Dr Wolf Reik, Head of Developmental Genetics Programme, Babraham Institute, said:
“This is clearly an interesting paper. Thus far, ‘pluripotent’ stem cells (those that can develop into various cell types in the body) have been derived from early embryos, and from embryonic or neonatal germ cells, but not from adult germ cells. Nevertheless, the adult testis has a stem cell population called spermatogonia which keep on self-renewing and producing sperm during adult life. This new work shows that one can derive pluripotent cellines from spermatogonia, and that these cells give rise to various celltypes in the body including germ cells. This is an exciting discovery because it gives us new insights into the biology of pluripotency and reprogramming, and because it opens up a potential new route to stem cell therapy without resorting to the use of somatic cell nuclear transfer (cloning), and is therefore ethically far less complex.”

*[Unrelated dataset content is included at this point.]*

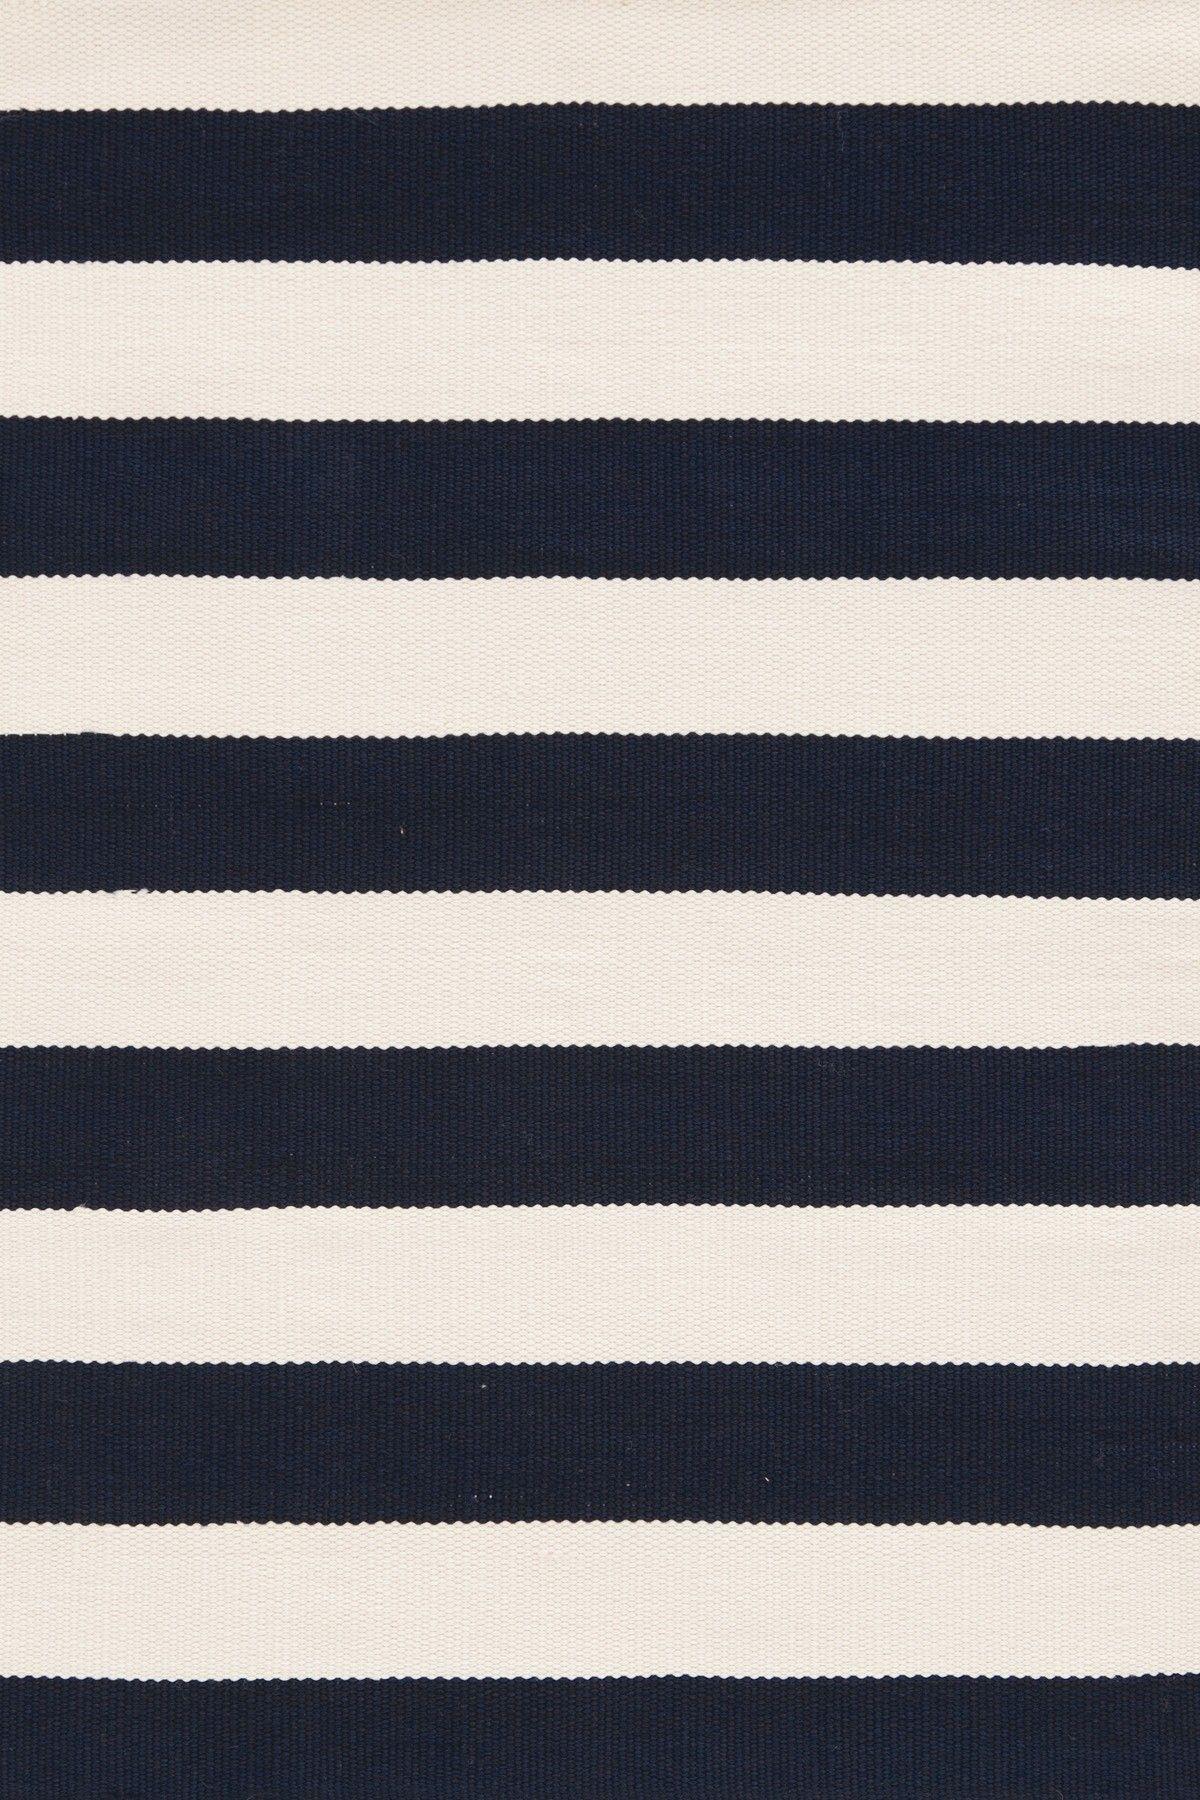 Navy White Striped Rug Dash and Albert Rugs Catamaran Indoor
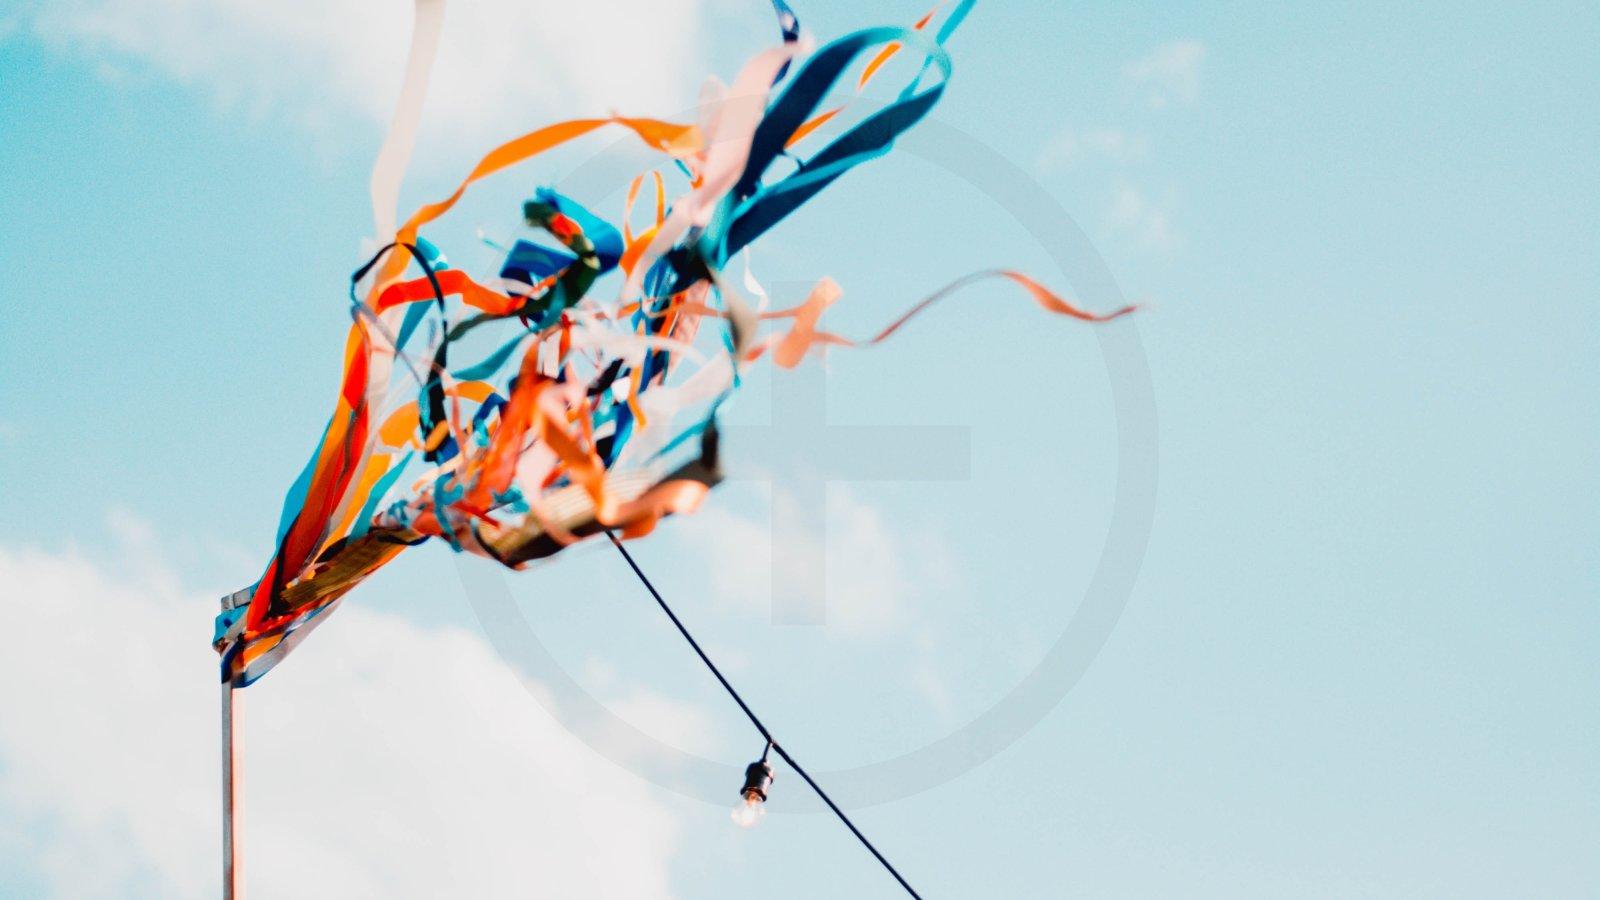 12. Juli - New Releases: Let it Flow

Prof Malcolm Alison, Stem Cell Biologist, Cancer Research UK, said:
“Males no longer redundant: stem cell keeper in need of remuneration! We are all familiar with the ethical baggage that comes with embryonic stem (ES) cells derived from early foetuses. ES-like cells also can also be obtained from primitive sex organs, also obtained from early embryos. Now, however, it turns out that the adult testis contains cells with the same properties as ES cells. The testis produces sperm, each with half the chromosomal content of a normal adult cell, but now a group of scientists in Germany have found that sperm precursor cells, with the full chromosomal content, have exactly the same potential as ES cells to produce all types of body cells needed for the repair and replacement of organs ravaged by disease and old age. These cells had the same molecular signature as ES cells, and when cultured using the methods normally used to grow ES cells, they looked and functioned like normal adult cells, some like brain neurons, others like beating heart cells and yet others like liver cells. This is great news, a simple biopsy procedure gets hold of these cells; who said the male of the species was becoming redundant?”